Hong Kong is following mainland China's zero-tolerance approach to control COVID-19, rankling many residents of the international financial hub as much of the world shifts towards living with the coronavirus.
Hong Kong effectively closed its borders and imposed social restrictions this month to deal with a spurt in COVID-19 infections due to the spread of the Omicron variant.
Although the moves are less strict than those in parts of the mainland, they come after months of relative normalcy and are battering a city dependent on business travellers and accustomed to frequent dining out.
Frustration among the city's 7.5 million residents is mounting as the restrictions also threaten to dampen Chinese New Year celebrations at the end of the month, traditionally a time for shopping, feasting and family reunions. The border to the mainland is closed while retailers and restaurant owners are reeling during what is usually the year's busiest period.
"With the obvious conclusion that most countries have come to, that COVID-19 is not going away, the only sensible course of action is to gradually relax the quarantine arrangement and manage this endemic virus in the same way that we manage other viruses," said Stuart Bailey, chairman at the Hong Kong Exhibition & Convention Industry Association, one of the city's world-leading business sectors that has been battered by the pandemic.
Around 50 cases of the Omicron variant have been detected in the community since the first local transmission was recorded in late December, ending three months without locally transmitted infections.
Authorities have raced to contain further spread, with leader Carrie Lam vowing to persevere with zero tolerance of infections while asking society to tolerate the costs.
"I fully understand the anxiety, dissatisfaction, and anger of the public," Lam said this week. "There is nothing we can do because we need to fight this epidemic."
The government re-imposed a raft of restrictions on Jan. 7, including bans on gatherings of more than four people and dining out past 6 p.m.. Pubs, schools, gyms and cinemas have been ordered to close and air travel has been sharply cut back.
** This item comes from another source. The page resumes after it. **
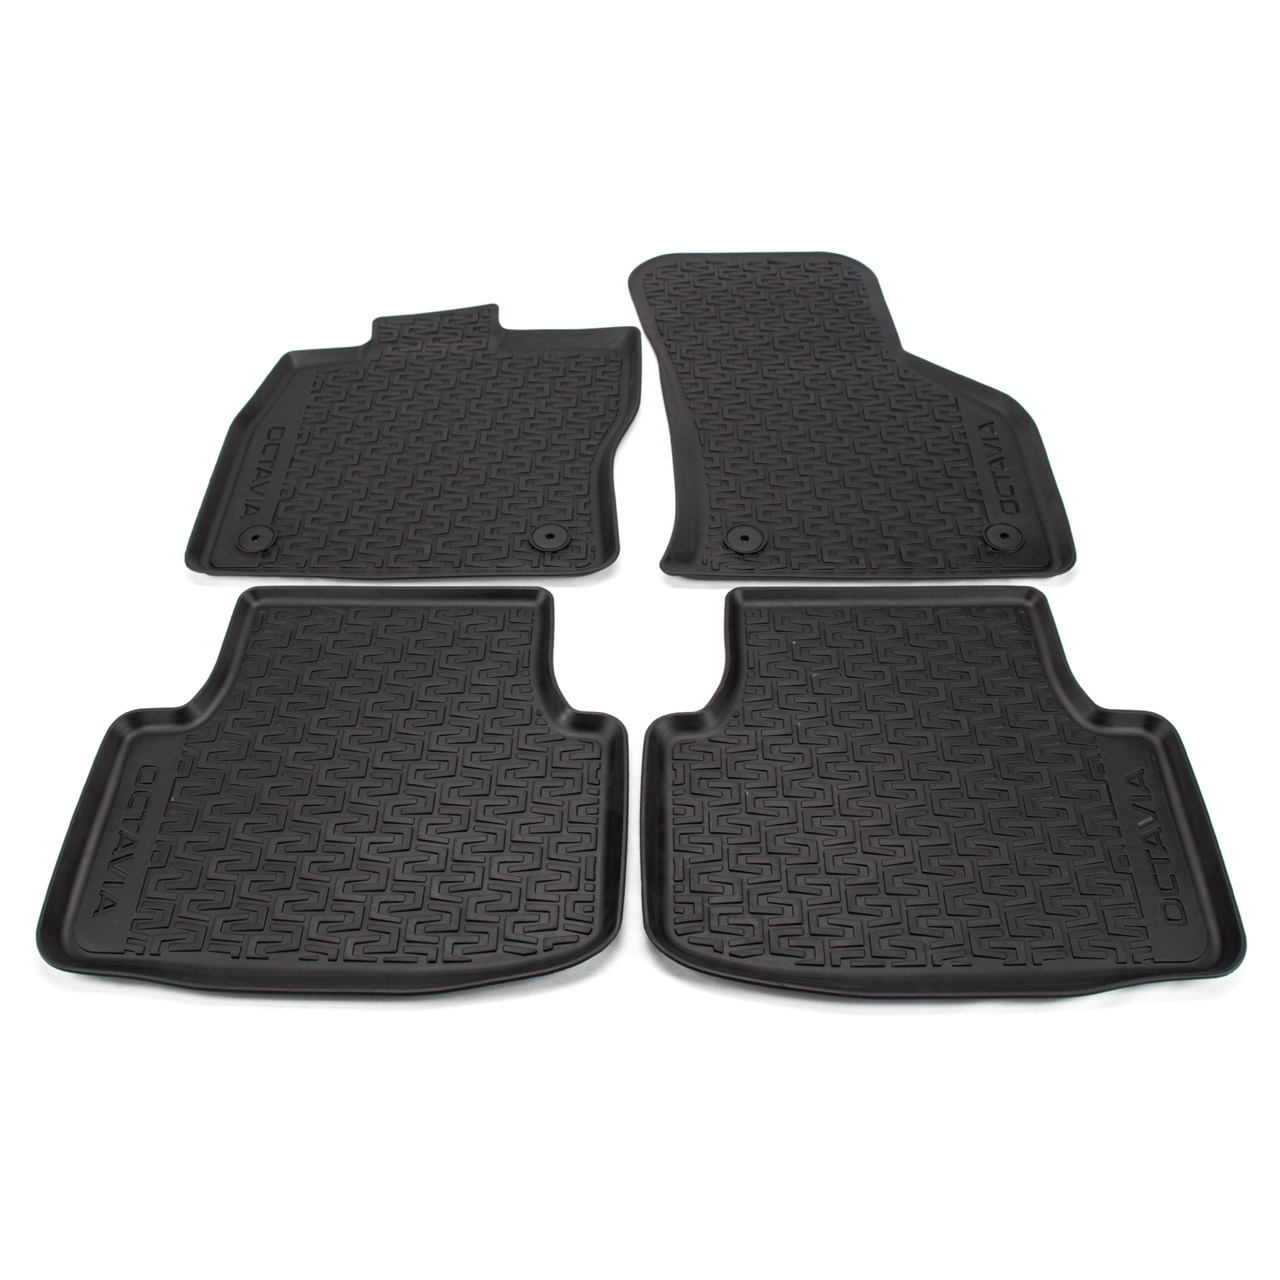 Original rubber mats / rubber floor mats for your vehicle

In mainland China, a handful of cities have imposed lockdowns on millions of residents, preventing them from leaving home as authorities re-double containment efforts as Beijing readies to host the Winter Olympics.
Lam's policies have long exasperated those unable to travel for business or family emergencies due to costly 21-day hotel quarantine, flight bans, and difficult paperwork.
The city's position as one of the world's busiest passenger hubs has been drastically curtailed by tough air crew restrictions and the banning of passenger flights from countries including the United States, Australia, France and Britain.
Hong Kong is far behind other developed cities with its vaccination campaign. Around 75% of eligible people have had a first dose, while around 70% have had a second one. About 8% have received a third.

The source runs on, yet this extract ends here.